Virtuoso wikidata import performance - virtuoso wikidata endpoints as part of snapquery wikidata mirror network

openlink / virtuoso-opensource

Virtuoso is a high-performance and scalable Multi-Model RDBMS, Data Integration Middleware, Linked Data Deployment, and HTTP Application Server Platform

https://vos.openlinksw.com

Other

864 stars 210 forks source link

Virtuoso wikidata import performance - virtuoso wikidata endpoints as part of snapquery wikidata mirror network #1326

Open WolfgangFahl opened 20 hours ago

WolfgangFahl commented 20 hours ago

@TallTed

Tim Holzheim has successfully imported Wikidata into a virtuoso instance see https://cr.bitplan.com/index.php/Wikidata_import_2024-10-28_Virtuoso and https://wiki.bitplan.com/index.php/Wikidata_import_2024-10-28_Virtuoso

for the documentation. The endpoint is available at https://virtuoso.wikidata.dbis.rwth-aachen.de/sparql/ and we would love to integrate this an other virtuoso endpoints into our snapquery https://github.com/WolfgangFahl/snapquery infrastructure.

Ted suggested that i should open a ticket to get the dicussion going about how virtuoso endpoints could be made part of the snapquery wikidata mirror infrastructure. The idea is to use named parameterized queries that hide the details of the endpoints so that it does not matter wether you use blazegraph, qlever, jena, virtuoso, stardog, ... you name it.

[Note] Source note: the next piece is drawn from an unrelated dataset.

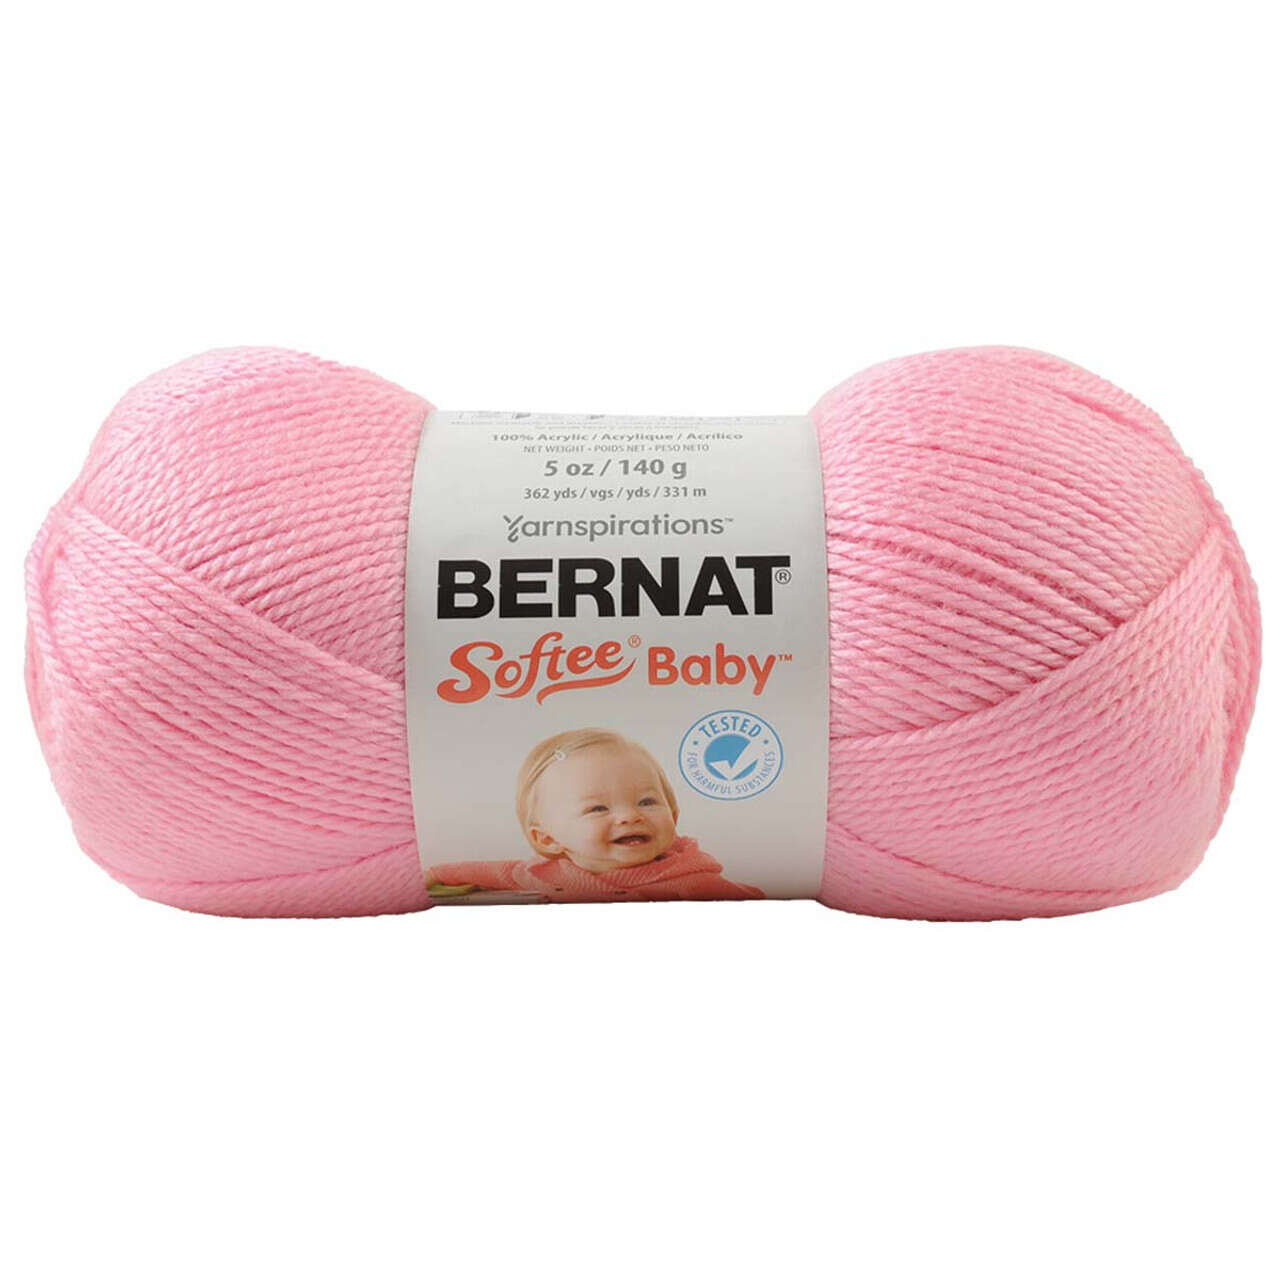 Bernat Softee Baby Yarn - Solids-Baby Denim Marl, 1 count - Kroger

Queries should just work as specified and be monitored for non functional aspects proactively.

TallTed commented 11 hours ago

Note that we (OpenLink Software [1], [2]) have also loaded Wikidata into a live Virtuoso instance, available at https://wikidata.demo.openlinksw.com/sparql.

I'm not sure whether I'm the "Ted" referenced in the last paragraph; if so, regrettably, I've forgotten the specifics of that conversation. Could you provide more detail about the "question" being asked by this issue, especially to benefit others who may have more to contribute to the "answer" than I?

WolfgangFahl commented 11 hours ago

https://etherpad.wikimedia.org/p/Search_Platform_Office_Hours has the info as well as https://www.wikidata.org/wiki/Wikidata:Scholia/Events/Hackathon_October_2024

We are well aware of the virtuoso endpoint it is already configured in the default https://github.com/WolfgangFahl/snapquery/blob/main/snapquery/samples/endpoints.yaml file.

The question here is how do we get a virtuoso endpoint that is as up-to-date as possible quickly. We intent to "rotate" images based on dumps as long as the streaming updates are not possible. So currently that would be roughly weekly. E.g. https://github.com/ad-freiburg/qlever-control/discussions/82

is an example. This is just the initial issued to start the communication. Depending on how Virtuoso is going to be involved we might need multiple tickets for the different aspects. I suggest to stick with the import performanc issue in this ticket for the time being and wait for Tim's comment.